Alexey, it seems that running multiple threads of stuff gives us some decent gains... And that the number of threads seems to change from task to task... And from hardware to hardware...  Can Metashape get some clever work scheduling (AI lol) code to dish out the optimum number of threads at every stage?

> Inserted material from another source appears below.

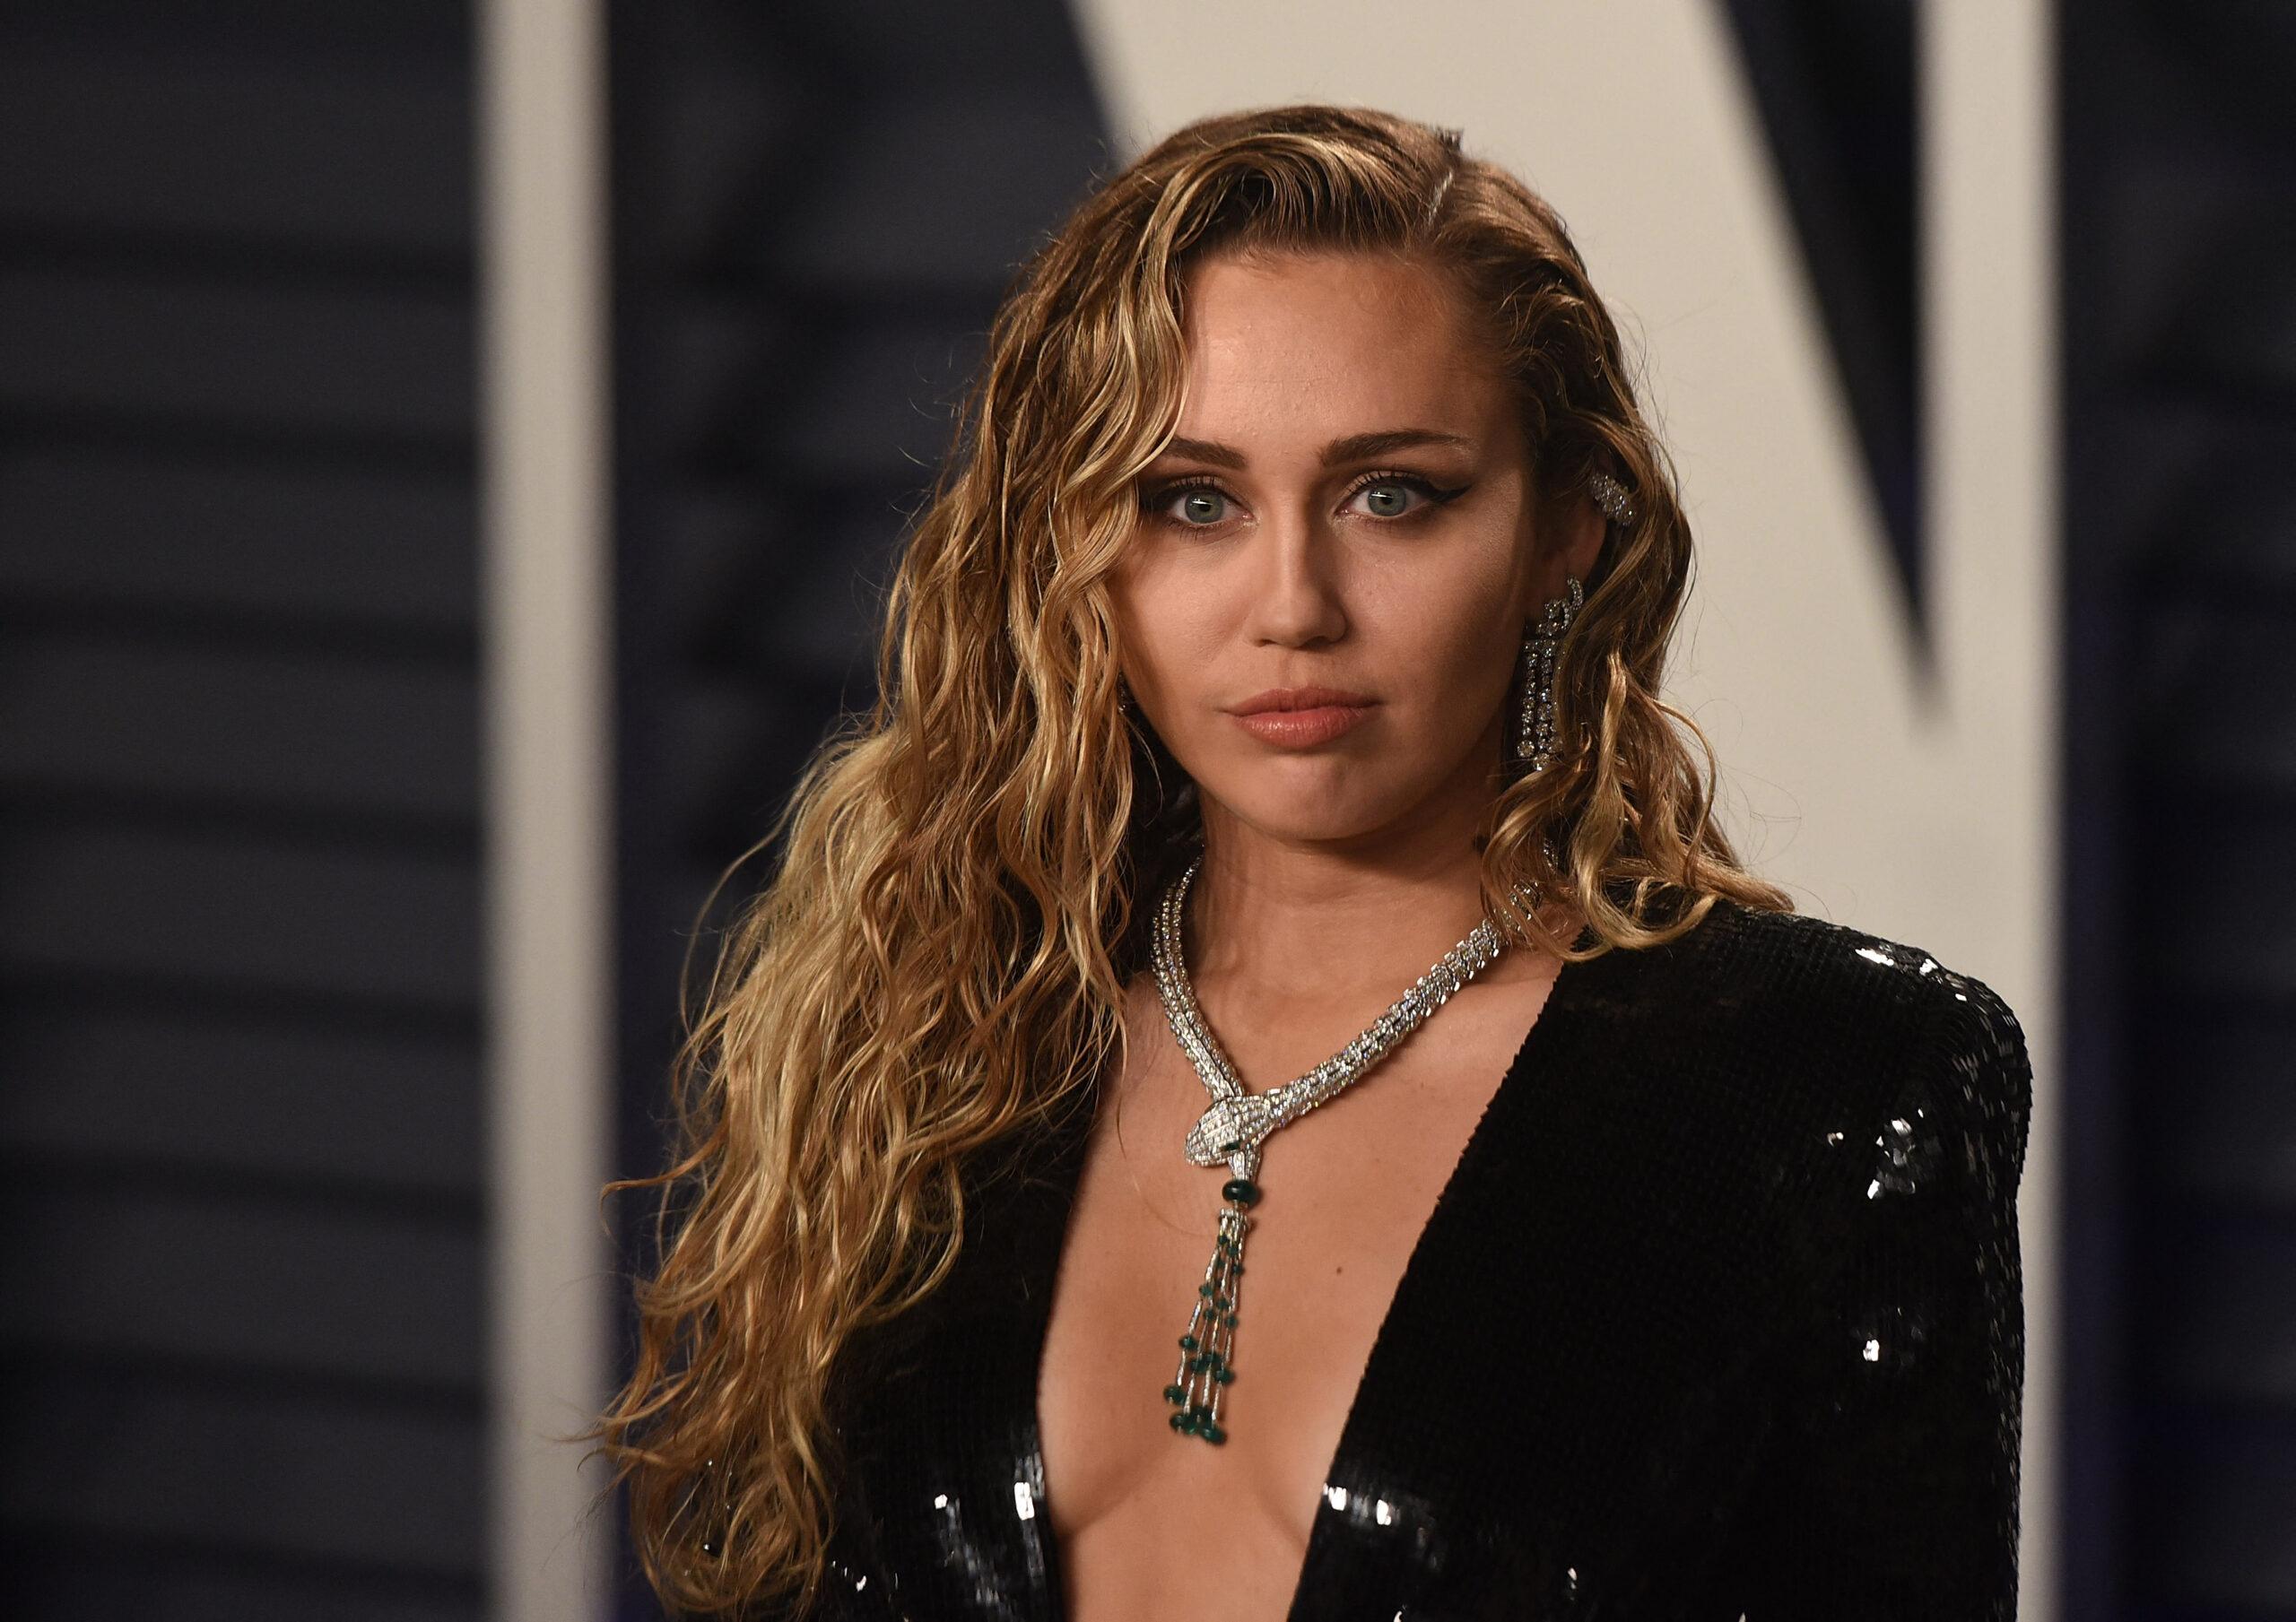 Miley Cyrus's Accusations Against Disney For Intense Work Schedule Resurfaces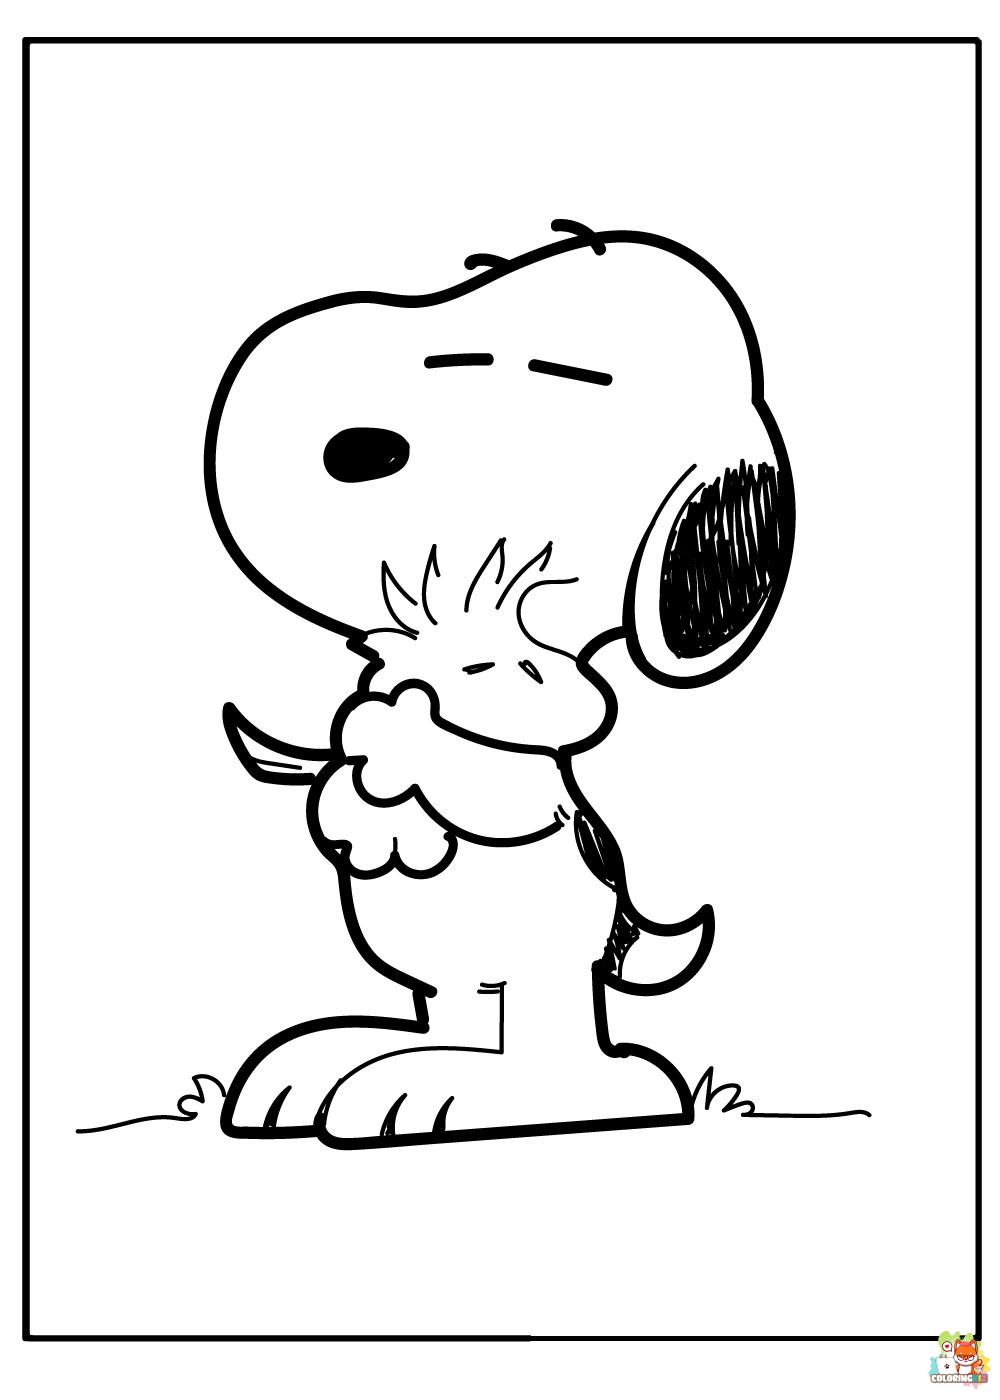 Snoopy Coolest Style Coloring Pages 7

As always, we really don't like looking at the $$,$$$ of hardware we've purchased and see it only partially utilised, or sometimes mostly idle...  We just wanna watch it run at 100%, for 100% of the time! Melting for the whole duration, lol, such that it finishes as fast as possible.  Time = Money, etc. etc.
My 'little' scan of our dive site, 'Manta Point'.  Mantas & divers photoshopped in for scale!
https://postimg.cc/K1sXypzs
Sketchfab Models:
https://sketchfab.com/cheeseandjamsandwich/models

Bzuco

  • Sr. Member
  • ****
  • Posts: 262
    • View Profile
Re: Depth maps generation performance tip
« Reply #2 on: February 08, 2025, 12:18:48 PM »
Updated original post, added tip2.

Corensia

  • Jr. Member
  • **
  • Posts: 66
    • View Profile
Re: Depth maps generation performance tip
« Reply #3 on: February 17, 2025, 07:23:45 AM »
Thanks for the interesting post Bzuco!

Did a quick test using our i9 14900K / RX 7900XTX setup for a non-NVIDIA result.

Similar time gains as yours at High, processing 320 images at 20MP.

Default :          9m 21s
MaxGPU=6 :   6m 59s

Roughly 25% faster using the tweak. Definitely will set it as a baseline tweak from now on as long as further testing doesn't result in any unexpected performance errors.